FDA rejects UCB’s psoriasis therapy bimekizumab
The FDA has delivered a blow to UCB’s late-stage pipeline, after saying it is unable to approve its latecomer IL-17 inhibitor bimekizumab for moderate-to-severe plaque psoriasis.
The Belgian biotech said today it had received a complete response letter from the US regulator saying it “cannot approve the application in its current form” because observations in FDA inspections have to be resolved beforehand.
The delay to approval means that UCB is reviewing its financial forecasts for 2022, although it hasn’t yet determined what the impact will be. Shares in the company were down nearly 15% in the wake of the announcement.
“We are cooperating with the FDA and are working to address these observations as expeditiously as possible,” said UCB in a statement.
The decision comes despite earlier approvals for bimekizumab in Europe – where it is known as Bimzelx – as well as Japan, Canada and Australia. Unusually, the drug has also been pre-approved for NHS reimbursement by UK cost-effectiveness agency NICE.
It’s a big blow for UCB, which is already playing catchup in the IL-17 category, currently headed by Novartis’ $4 billion-a-year Cosentyx (secukinumab), which came to market in 2015.
Since then, Cosentyx has been joined by other IL-17 inhibitors including Eli Lilly’s Taltz (ixekizumab) and Bausch Health’s Siliq/Kyntheum (brodalumab), giving UCB a mountain to climb to differentiate its drug.

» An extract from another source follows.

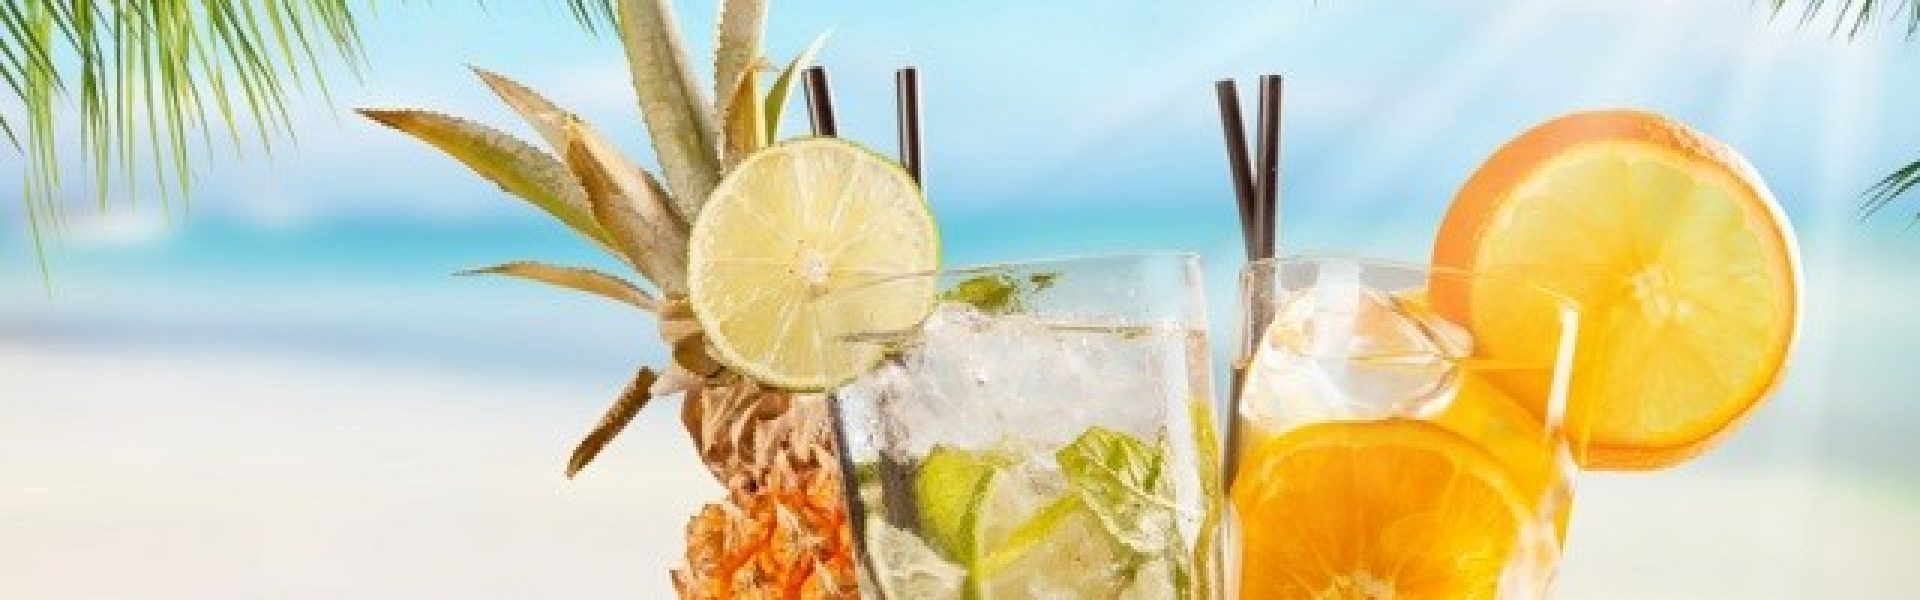 Cocktail-unter-Palmen-am-Sandstrand In diesem erfrischenden Bild ist ein köstlicher Cocktail auf einem Tisch unter schattenspendenden Palmen am Sandstrand zu sehen. Die glitzernde Sonne spiegelt sich im türkisfarbenen Wasser wider, während sanfte Wellen an den Strand rollen. Die exotische Atmosphäre lädt zum Entspannen und Genießen ein. Der Cocktail ist kunstvoll mit frischen Früchten und einem farbenfrohen Schirmchen garniert und verspricht einen Moment der Erfrischung und des puren Genusses. Dieses Bild erweckt das Verlangen nach einem tropischen Urlaub und erinnert uns daran, wie wunderbar es ist, sich an einem paradiesischen Ort zu entspannen.

The biotech is adamant it can wrest market share from the already-marketed drugs, armed with head-to-head studies that compared Bimzelx to Cosentyx, and found that it was better at achieving complete clearance of skin lesions.
UCB puts the performance of its drug down to its ability to inhibit both IL-17A and IL-17F, while Cosentyx only targets IL-17A . It says there is evidence to suggest that IL-17F is also a key contributor chronic tissue inflammation.
When it pre-approved bimekizumab, NICE said its costs are likely to be “similar or lower” than Cosentyx and other biologics used for psoriasis.
Analysts at Jefferies think that bimekizumab’s profile could drive it to sales of more than $2 billion a year, assuming it also gets approved in follow-up indications psoriatic arthritis and ankylosing spondylitis.
UCB needs that to happen if it is to lessen the impact of forthcoming patent expiries for the Belgian drugmaker’s current top-selling product Cimzia (certolizumab pegol), due in Europe this year and in the US in 2024. Cimzia sales were €1.8 billion ($1.87 billion) last year.